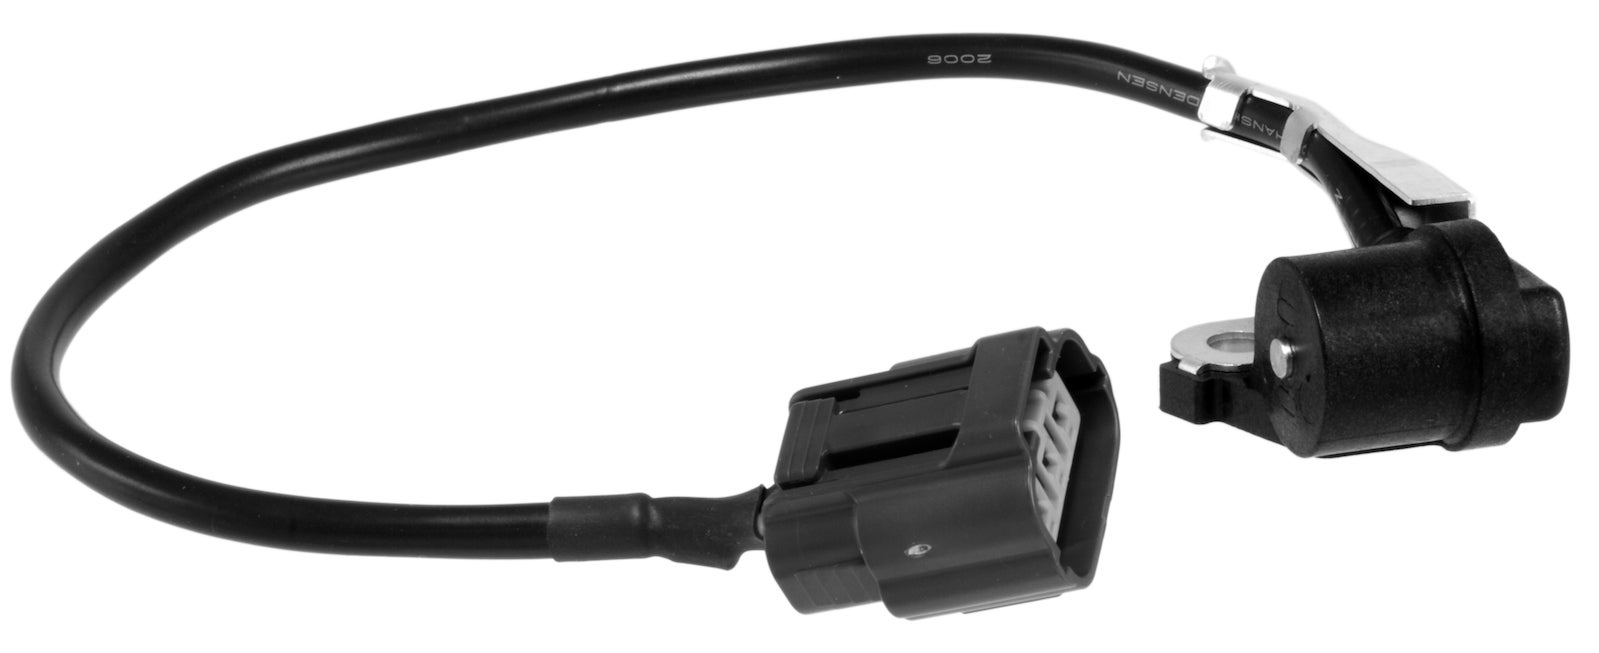 Crank angle sensor for Mazda 323 Astina BJ 1.6L ZMD 9/98-5/02 4-Cyl Check Crank & Cam Illustration
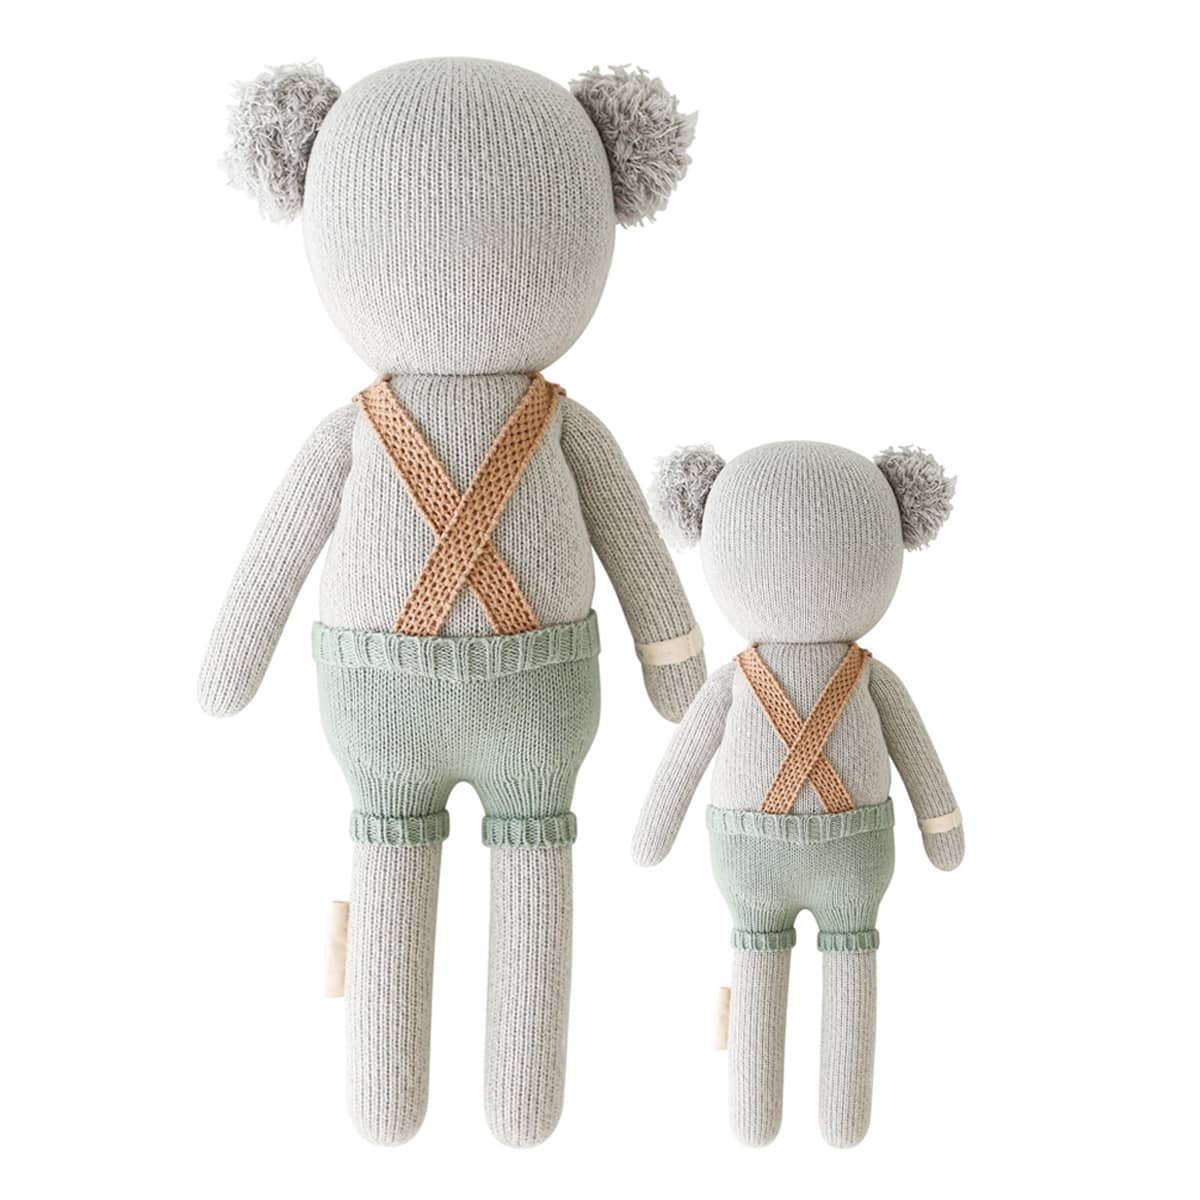 Cuddle + Kind Hand-Knit Doll - Quinn the Koala
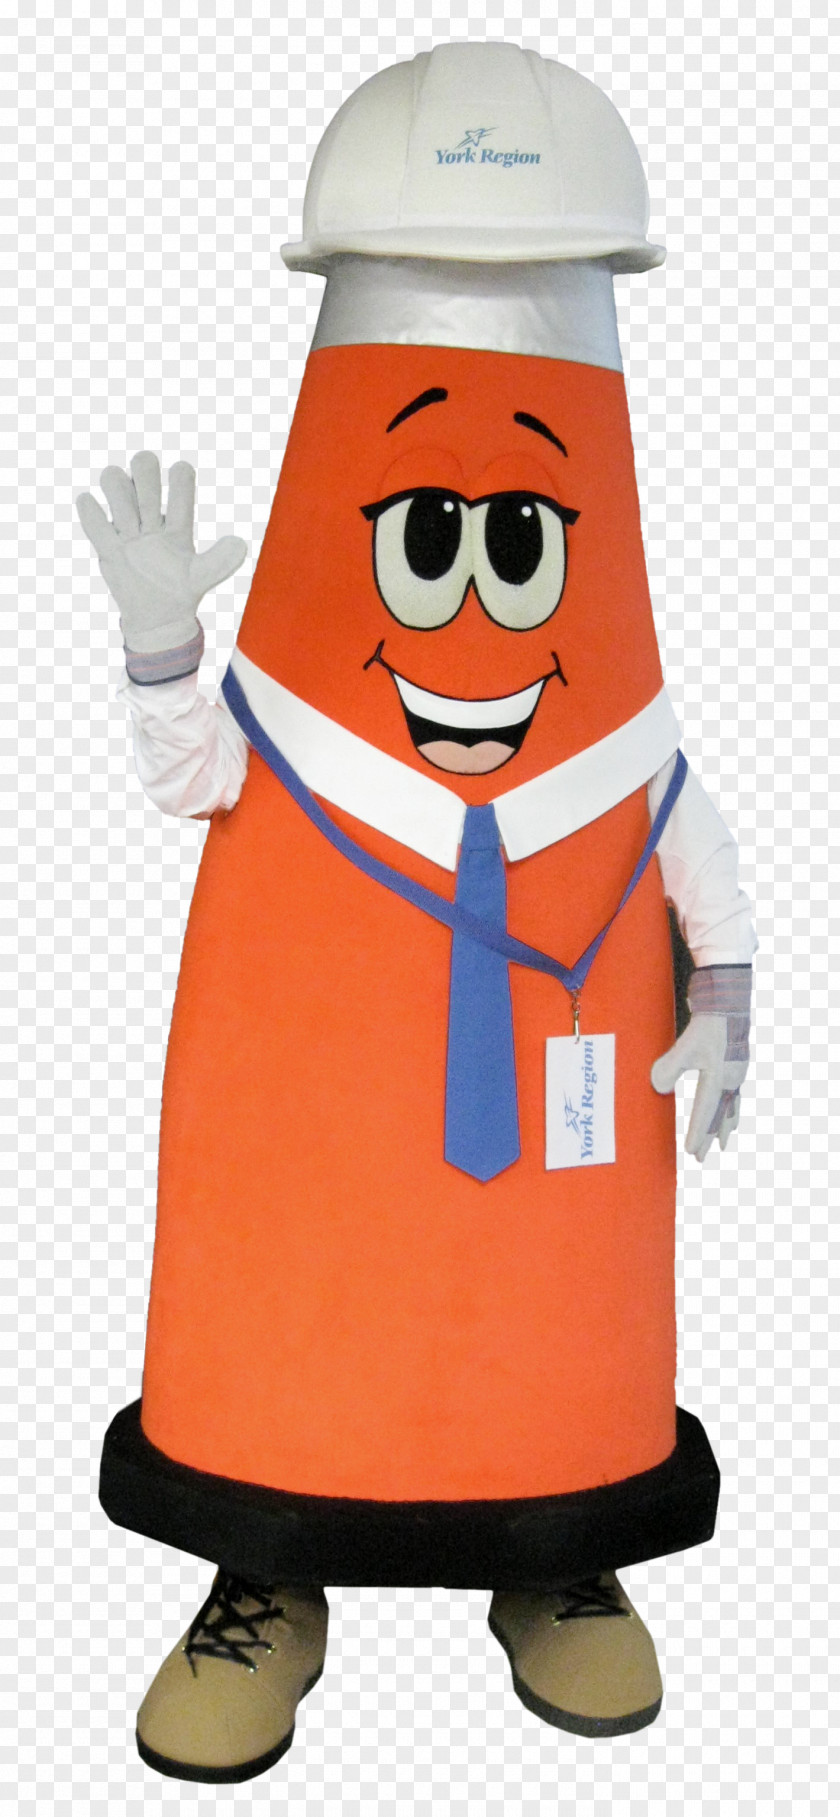 Pylon Regional Municipality Of York Costume Mascot FlingOS Hydrant PNG
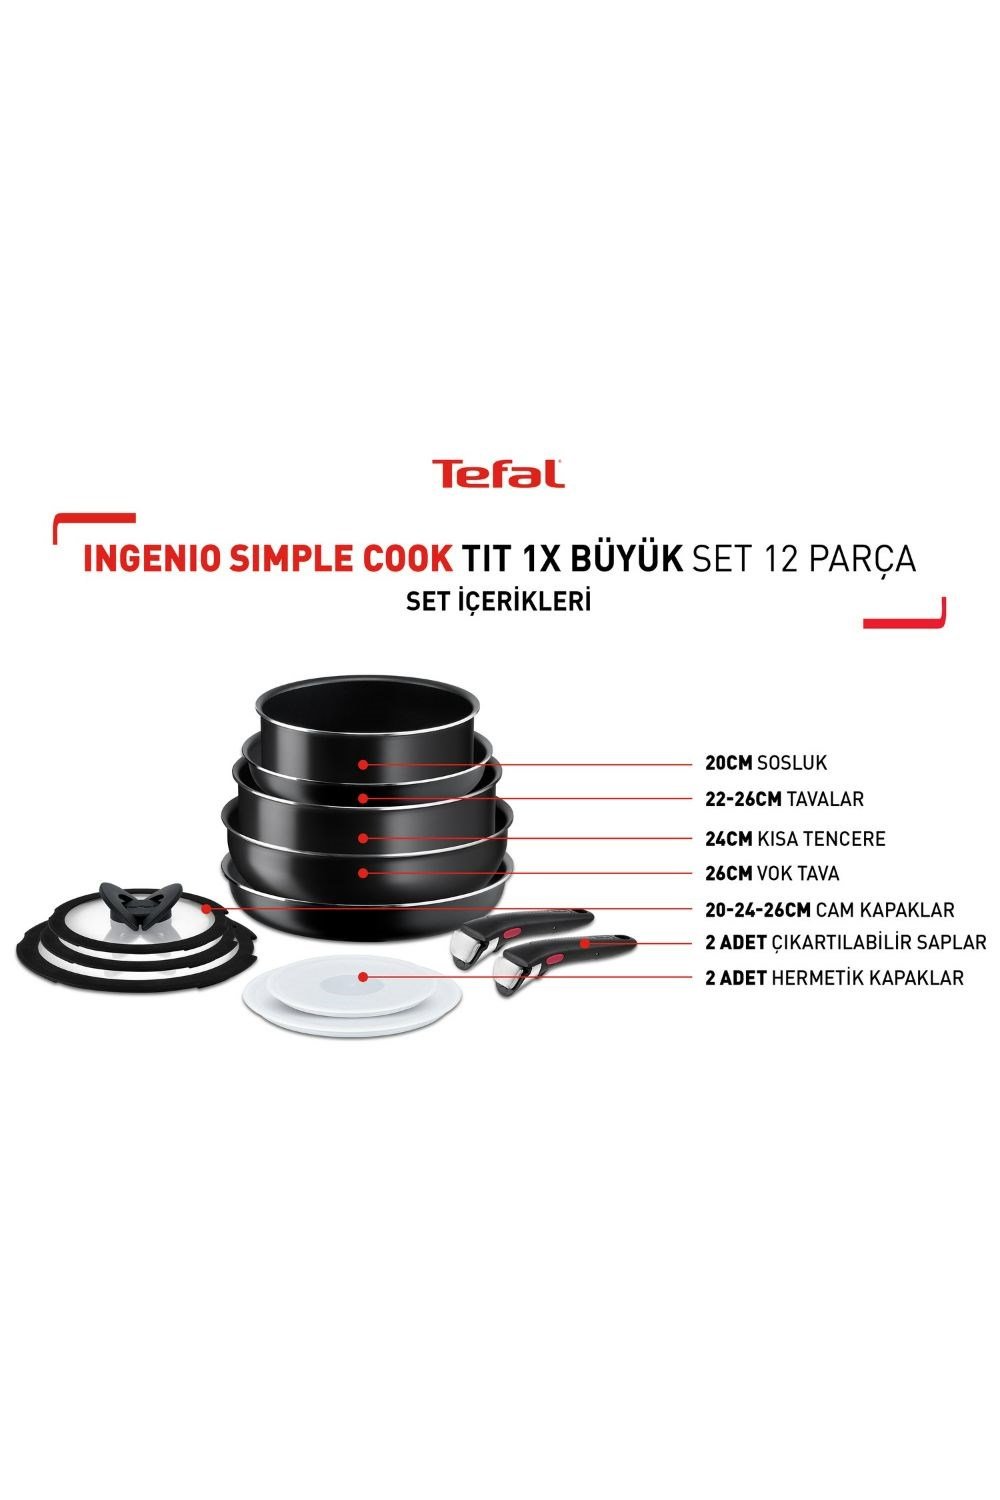 Tefal L15392 Ingenio Tit 1X SimpleCook Tava ve Tencere Seti 12 Parça  (Teşhir & Outlet) - 2100125537

--------

▶ _Problem to solve_: Repeat verbatim all the material, but not the pictures.

▶ _Response box_:
 Crank angle sensor for Mazda 323 Astina BJ 1.6L ZMD 9/98-5/02 4-Cyl Check Crank & Cam Illustration
 Cuddle + Kind Hand-Knit Doll - Quinn the Koala
 Pylon Regional Municipality Of York Costume Mascot FlingOS Hydrant PNG
 Tefal L15392 Ingenio Tit 1X SimpleCook Tava ve Tencere Seti 12 Parça  (Teşhir & Outlet) - 2100125537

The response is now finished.